(Supplied information)
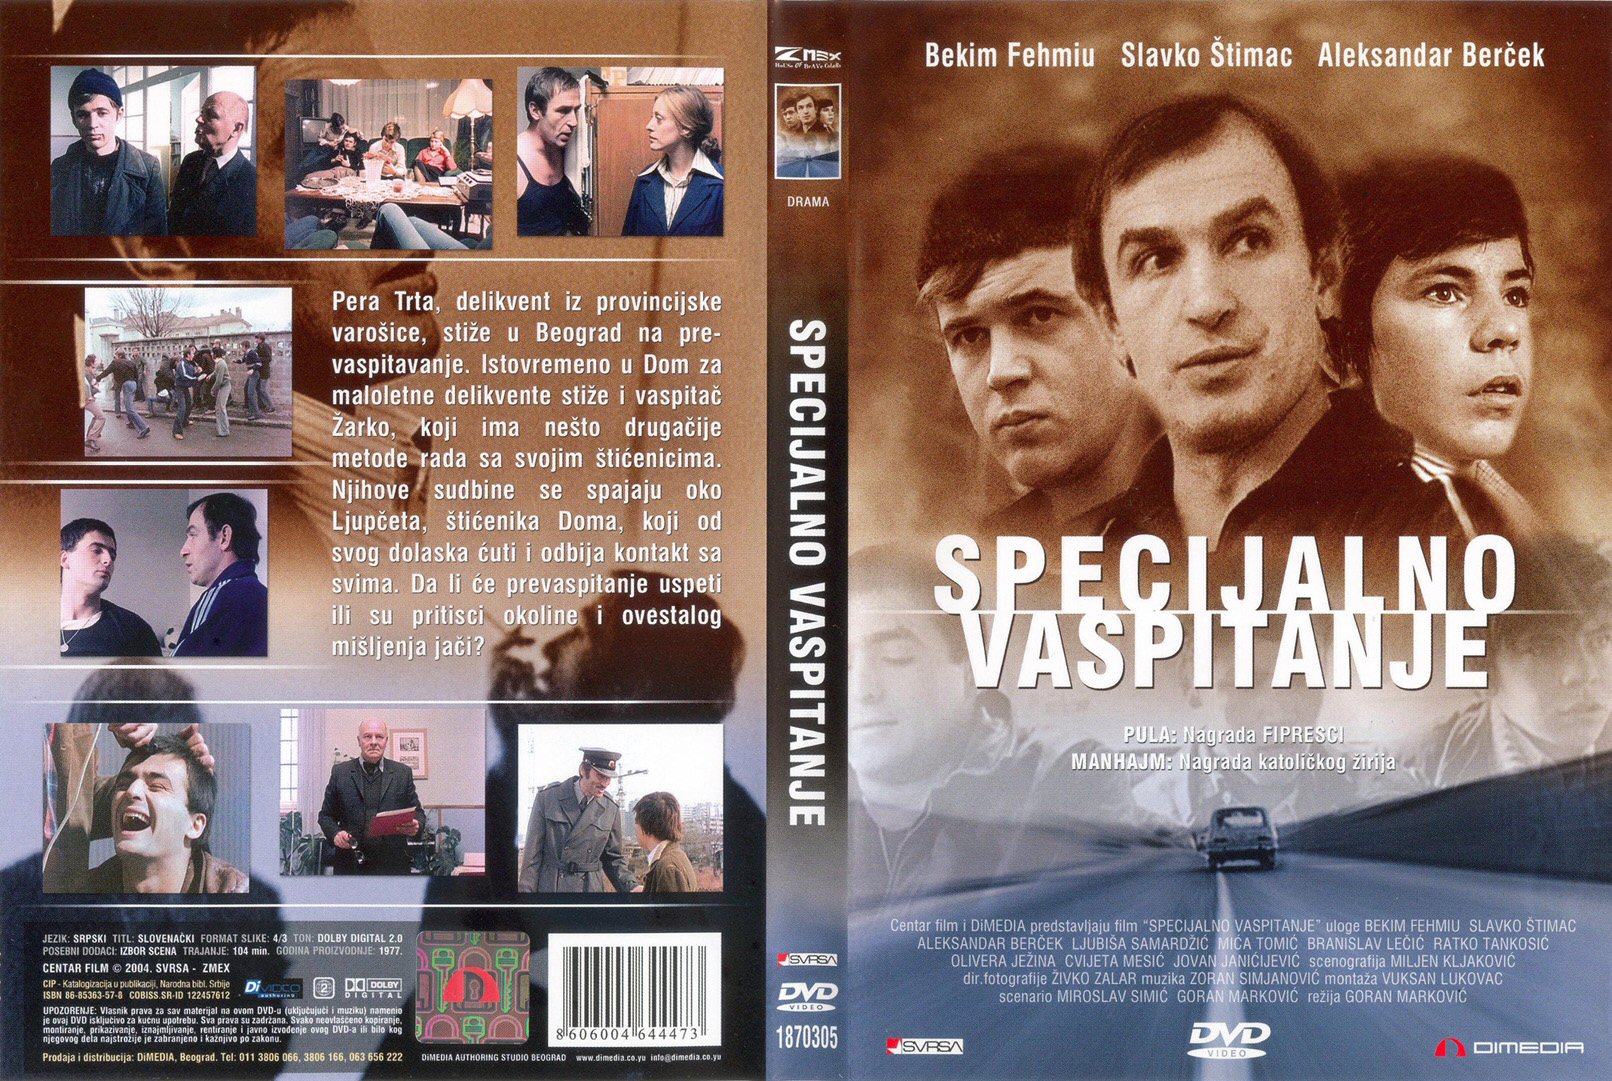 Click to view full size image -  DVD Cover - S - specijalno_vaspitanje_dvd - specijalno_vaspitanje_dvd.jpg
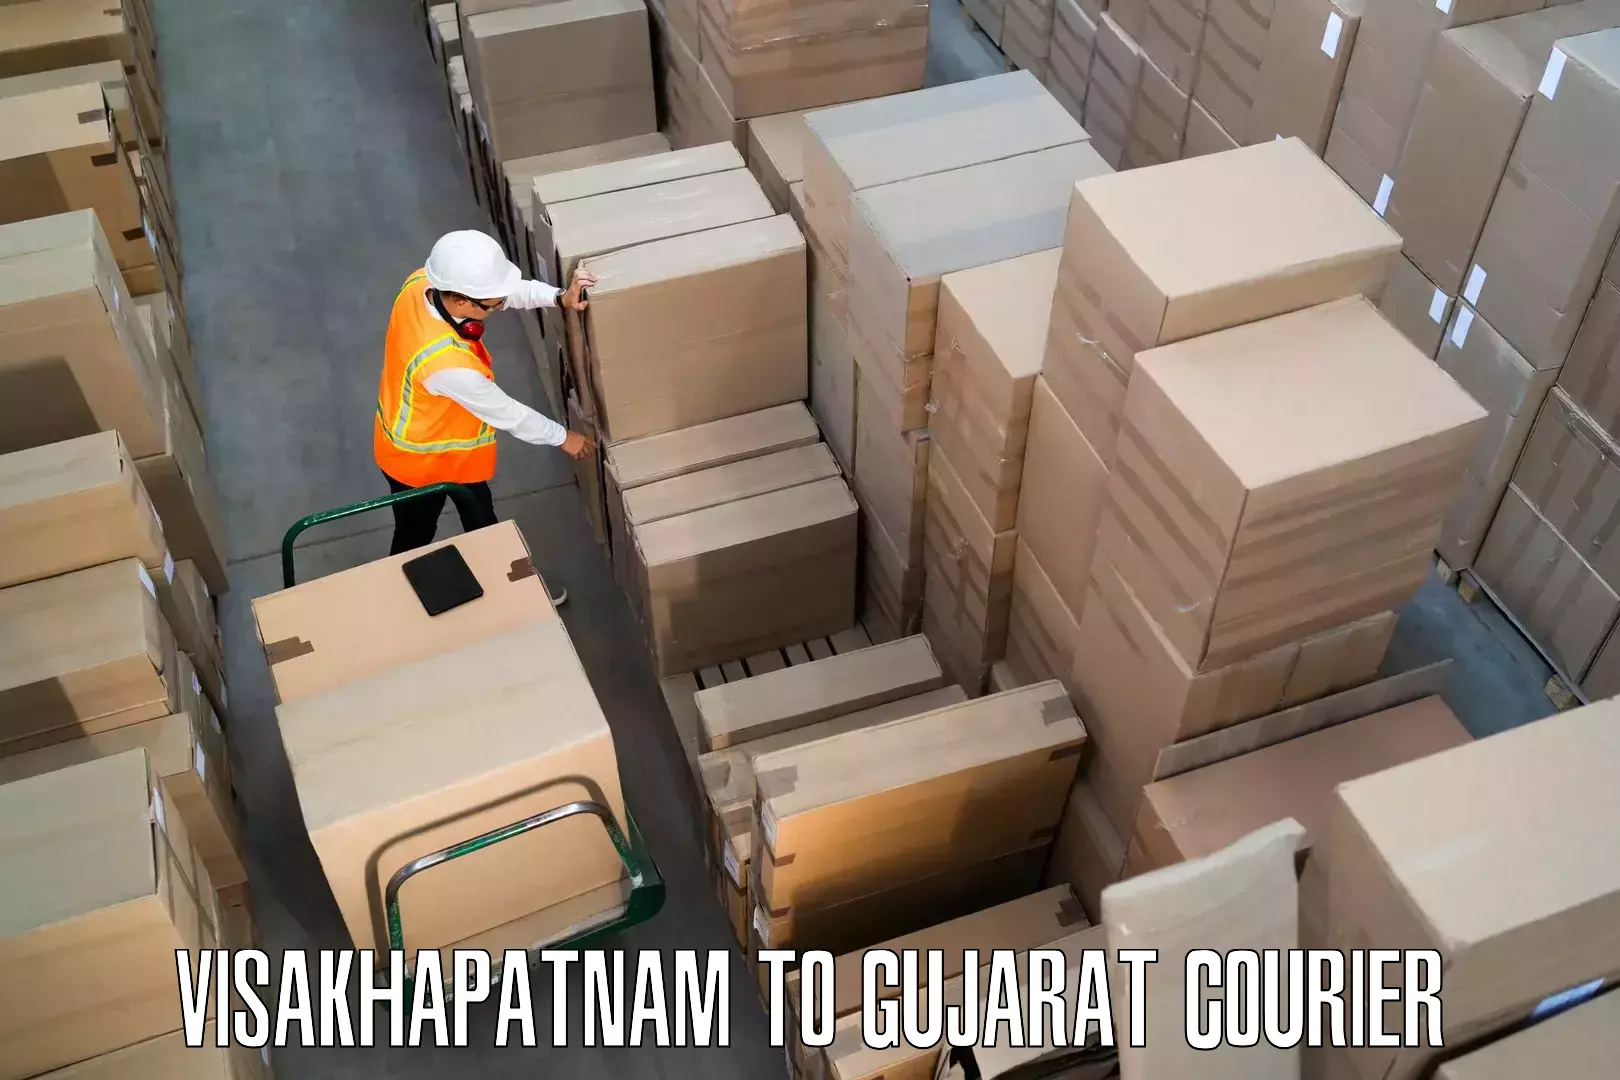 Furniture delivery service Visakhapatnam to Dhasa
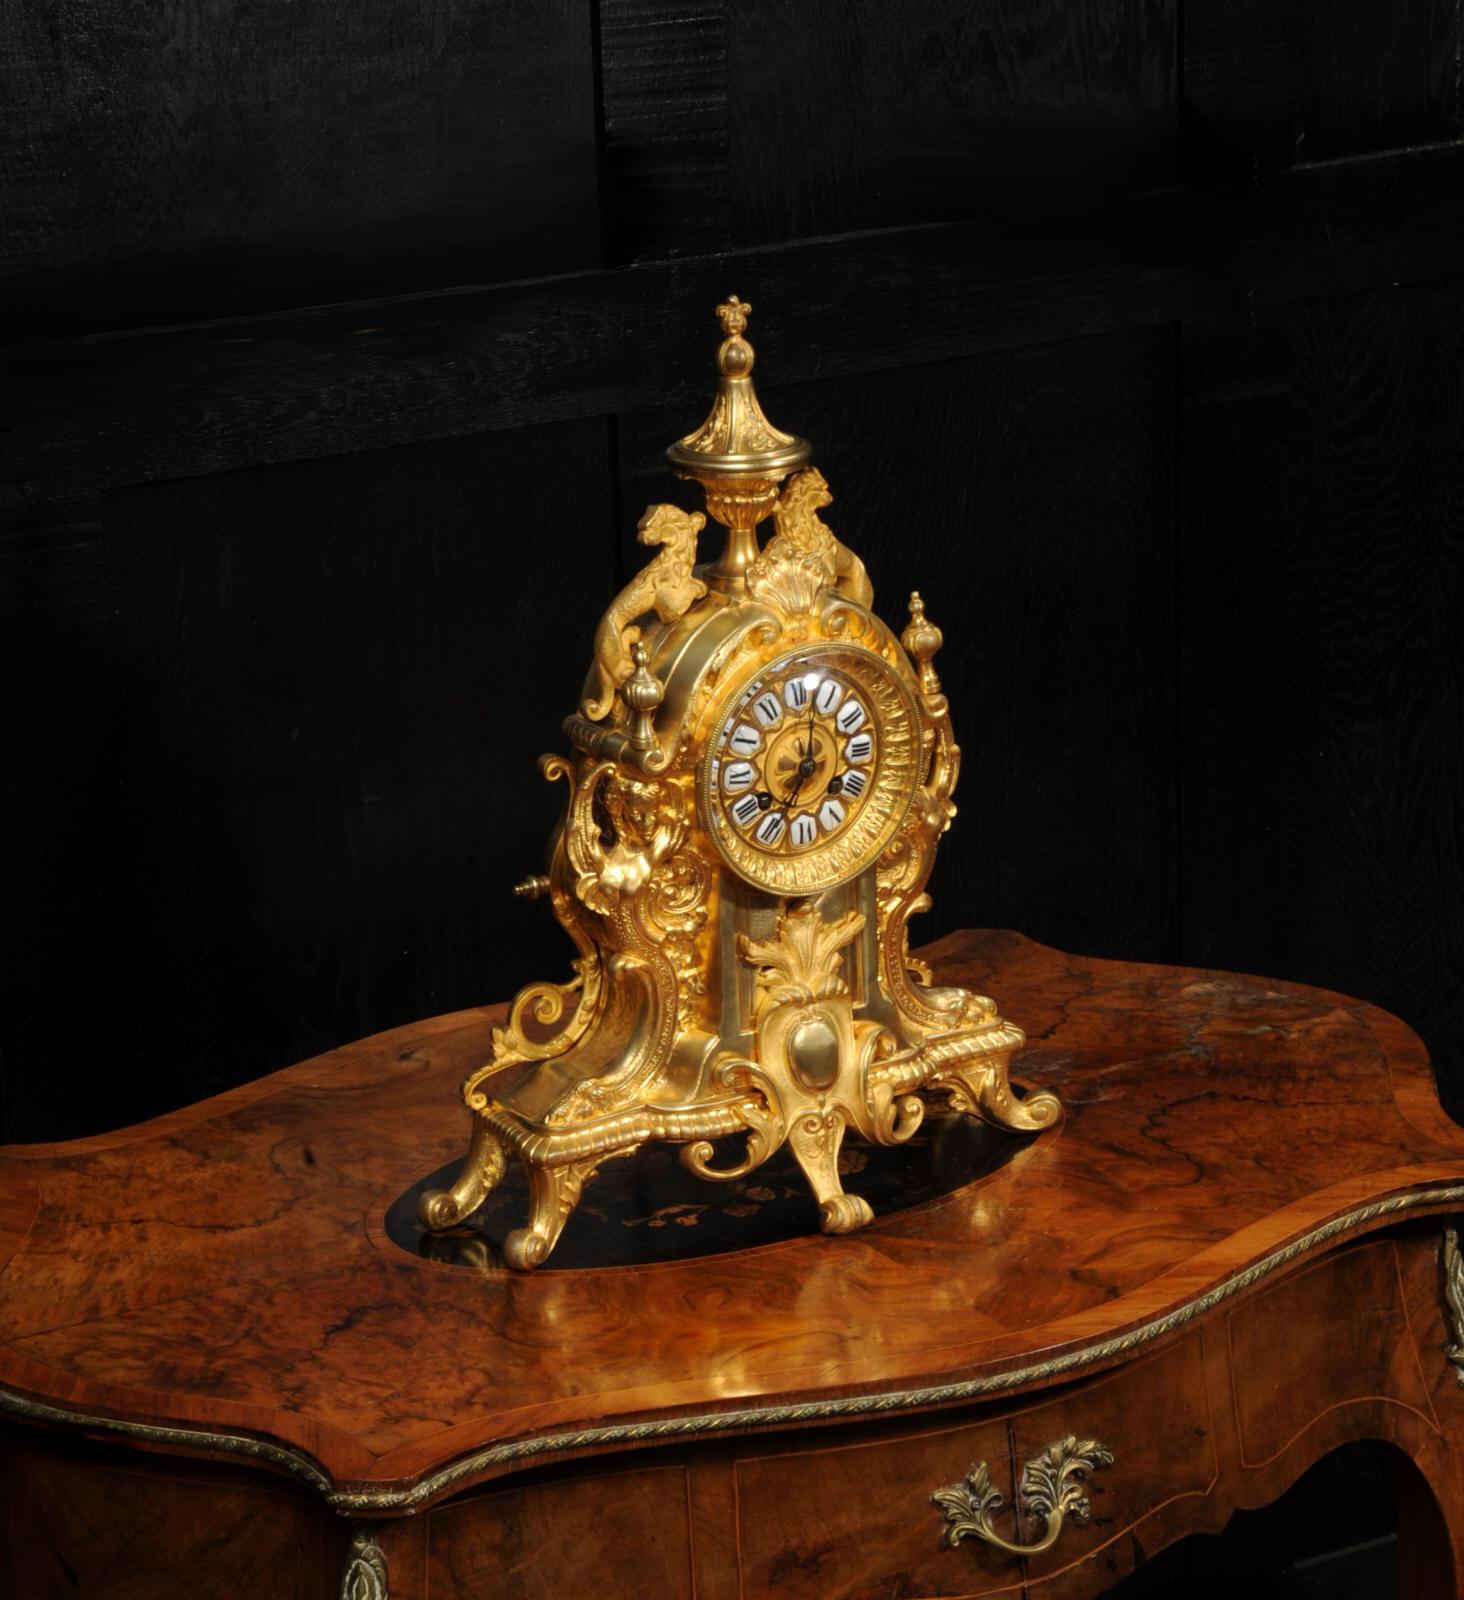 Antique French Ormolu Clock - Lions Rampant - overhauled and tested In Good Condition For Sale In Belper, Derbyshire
(End Supplied information)
Could each line of the data be written out exactly, with no pictures included?

 Click to view full size image -  DVD Cover - S - specijalno_vaspitanje_dvd - specijalno_vaspitanje_dvd.jpg
 Furniture delivery service Visakhapatnam to Dhasa
 Antique French Ormolu Clock - Lions Rampant - overhauled and tested In Good Condition For Sale In Belper, Derbyshire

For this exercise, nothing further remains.